Use LoadOptions to set optional parameters such as history loading at construction time:

from aspose.note import Document, LoadOptions

opts = LoadOptions()
opts.LoadHistory = True   # include page revision history in the DOM
doc = Document("MyNotes.one", opts)
LoadOptions propertyTypeDefaultDescription
LoadHistoryboolFalseWhen True, page history revisions are included in the DOM and accessible via Document.GetPageHistory
DocumentPasswordstr | NoneNoneReserved for API compatibility — encrypted documents are not supported and raise IncorrectPasswordException

Document Format Detection

The FileFormat property identifies which OneNote format variant the file uses:

from aspose.note import Document, FileFormat

doc = Document("MyNotes.one")

if doc.FileFormat == FileFormat.OneNote2010:
    print("OneNote 2010 format")
elif doc.FileFormat == FileFormat.OneNoteOnline:
    print("OneNote Online format")
elif doc.FileFormat == FileFormat.OneNote2007:
    print("OneNote 2007 format")
else:
    print("Format:", doc.FileFormat)
FileFormat valueDescription
OneNote2010Standard .one file written by OneNote 2010 and later
OneNoteOnline.one file written by OneNote Online / Microsoft 365
OneNote2007Legacy .one format from OneNote 2007
UnknownFormat could not be identified

Iterating Pages

Pages are the direct children of Document. Use a for loop for simple iteration:

from aspose.note import Document

doc = Document("MyNotes.one")

for page in doc:
    title_text = (
        page.Title.TitleText.Text
        if page.Title and page.Title.TitleText
        else "(untitled)"
    )
    author = page.Author or "(unknown)"
    level = page.Level or 1
    indent = "  " * (level - 1)
    print(f"{indent}{title_text}  [by {author}]")

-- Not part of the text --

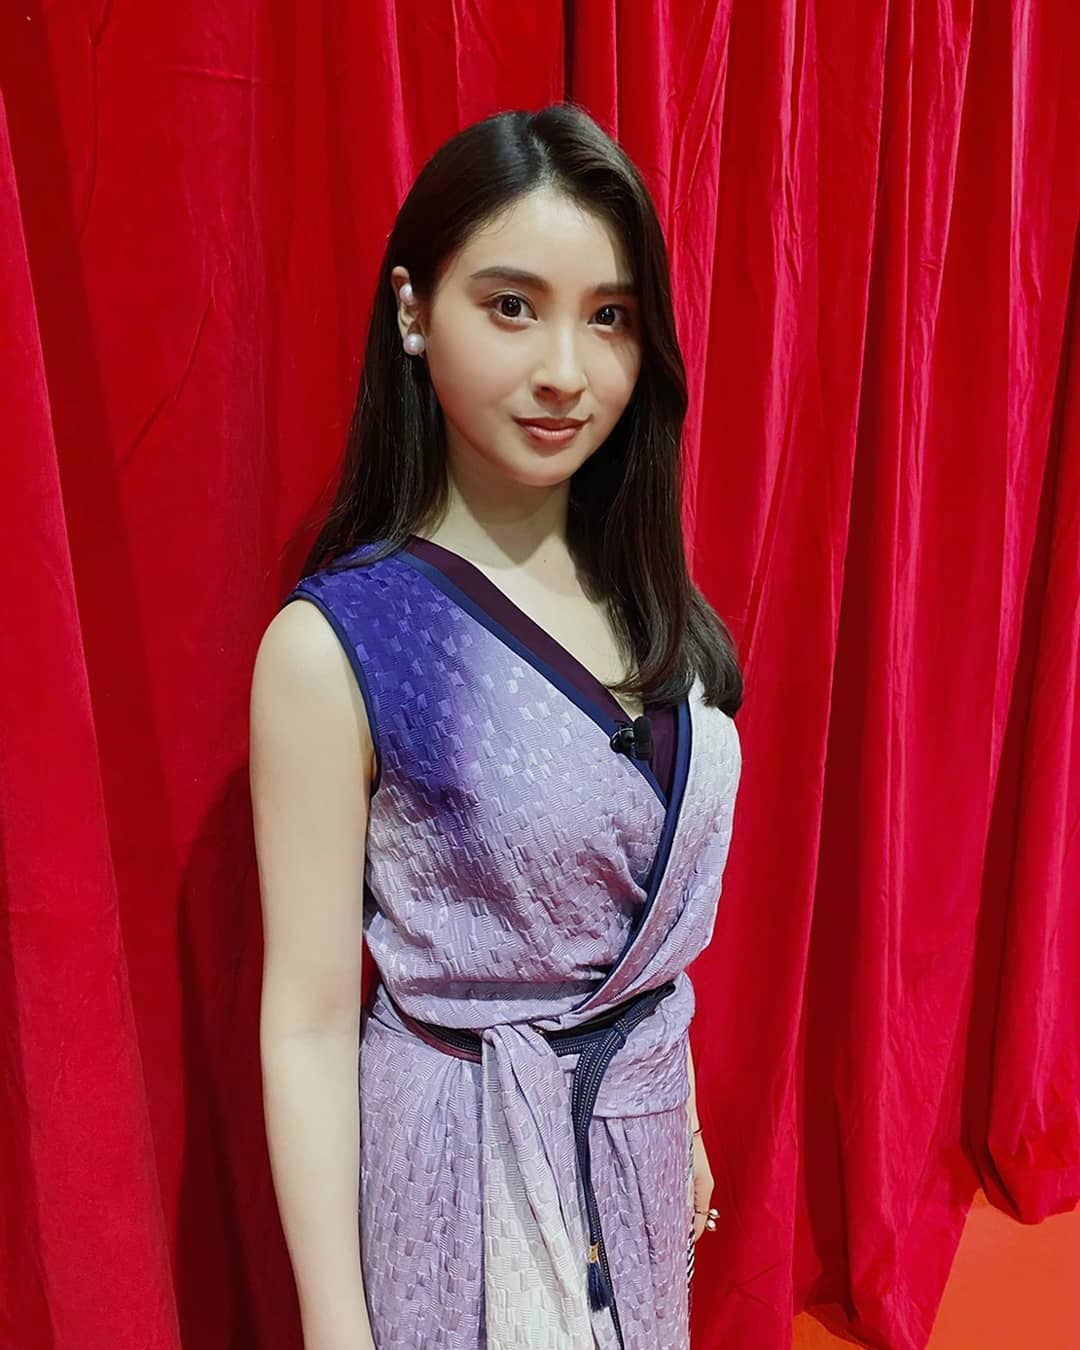 Tao Tsuchiya hot photo

Use GetChildNodes(Page) to get a typed list of all pages at once:

from aspose.note import Document, Page

doc = Document("MyNotes.one")
pages = doc.GetChildNodes(Page)
print(f"Total pages: {len(pages)}")

Page metadata

PropertyTypeDescription
TitleTitle | NoneTitle block containing text, date, and time sub-nodes
Authorstr | NoneAuthor name string
CreationTimedatetime | NoneWhen the page was created
LastModifiedTimedatetime | NoneMost recent modification time
Levelint | NoneSub-page indent level (1 = top-level, 2 = sub-page, etc.)
IsConflictPageboolTrue if the page is a sync conflict copy

Traversing the Document Tree

Document inherits from CompositeNode, giving it full tree traversal methods:

from aspose.note import Document, RichText

doc = Document("MyNotes.one")

# Extract all plain text from the entire document
all_text = [rt.Text for rt in doc.GetChildNodes(RichText) if rt.Text]
print("\n".join(all_text))

The DOM hierarchy:

Document
  └── Page (0..n)
        ├── Title
        │     ├── TitleText (RichText)
        │     ├── TitleDate (RichText)
        │     └── TitleTime (RichText)
        └── Outline (0..n)
              └── OutlineElement (0..n)
                    ├── RichText
                    ├── Image
                    ├── Table
                    │     └── TableRow → TableCell → RichText / Image
                    └── AttachedFile

Key traversal methods inherited from CompositeNode:

MethodDescription
GetChildNodes(NodeType)Return a typed list of all descendants matching the given type
AppendChildLast(node)Add a child node at the end of the children list
AppendChildFirst(node)Add a child node at the start
InsertChild(index, node)Insert a child at a specific index
RemoveChild(node)Remove a child node
GetEnumerator()Iterate direct children

Page History

When loaded with LoadHistory=True, Document.GetPageHistory returns all saved revisions of a page, ordered from oldest to most recent:

from aspose.note import Document, LoadOptions

opts = LoadOptions()
opts.LoadHistory = True
doc = Document("MyNotes.one")

for page in doc.GetChildNodes(None.__class__.__mro__[0]):  # iterate pages
    pass

# Get revisions for a specific page
import aspose.note as an

doc2 = Document("MyNotes.one", opts)
pages = doc2.GetChildNodes(an.Page)
if pages:
    history = doc2.GetPageHistory(pages[0])
    print(f"Revision count: {history.Count}")
    for rev in history:
        print(f"  Modified: {rev.LastModifiedTime}")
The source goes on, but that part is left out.